Most employers will be hiring next year, but workers expect to get more from those jobs

People are expecting extra cash after years of shrinking pay packets.

THREE-QUARTERS OF Irish employers expect to increase their workforces next year, although they might have to pay more money to get those new staff.

In another positive sign for the jobless or workers whose pays were cut during the recession, over half of all employers said they were experiencing some skills shortages.

And employees are starting to feel more bullish about their futures, with nearly three-in-five reporting they expected to shift jobs in the new year.

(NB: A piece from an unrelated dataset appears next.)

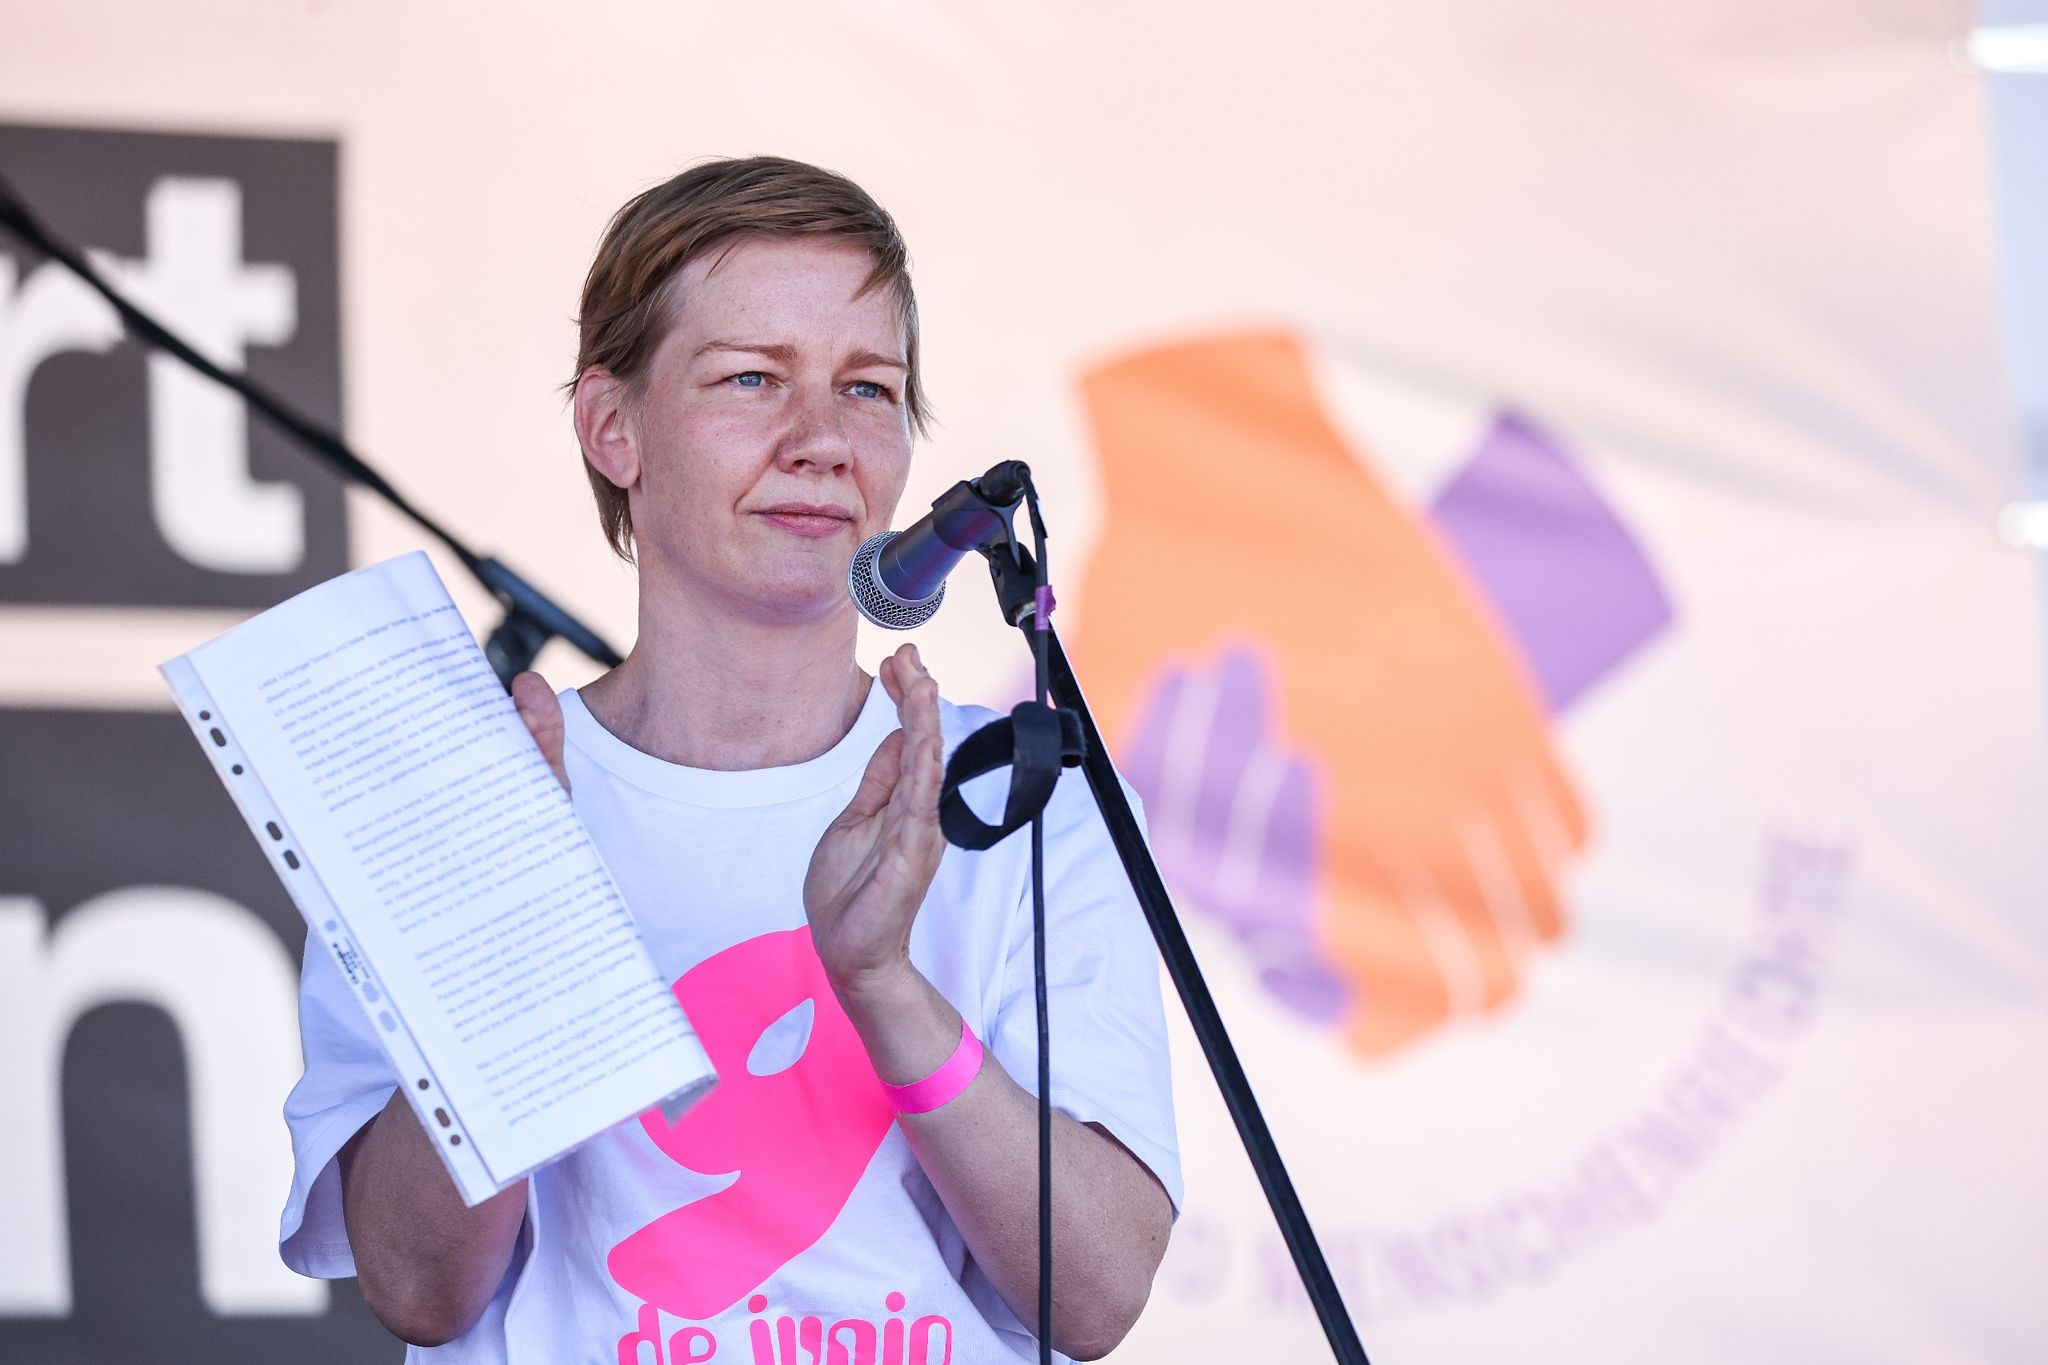 Sandra Hüller bei der Kundgebung «Hand in Hand für Demokratie und Menschenrechte» gegen Rechtsextremismus in Leipzig. Foto: Jan Woitas/dpa

Over half of all employees thought a pay rise would come their way in 2015 and nearly the same amount expected a bonus.

The figures come from a survey of 2,900 employers and workers from recruiters Hays Ireland, which found employees were mainly being driven to look outside their current roles because of concerns over their existing pay and a perceived lack of opportunities.

Hays Hays Ireland Hays Ireland

Economists have predicted the jobless rate will fall below 10% next year, but they have also warned the employment increases probably won’t come with significant pay rises yet.

Earnings have been shrinking since 2007, before the recession took hold, and the average worker took home less in 2013 than they did in 2012, although salaries in some industries like IT have bucked the trend.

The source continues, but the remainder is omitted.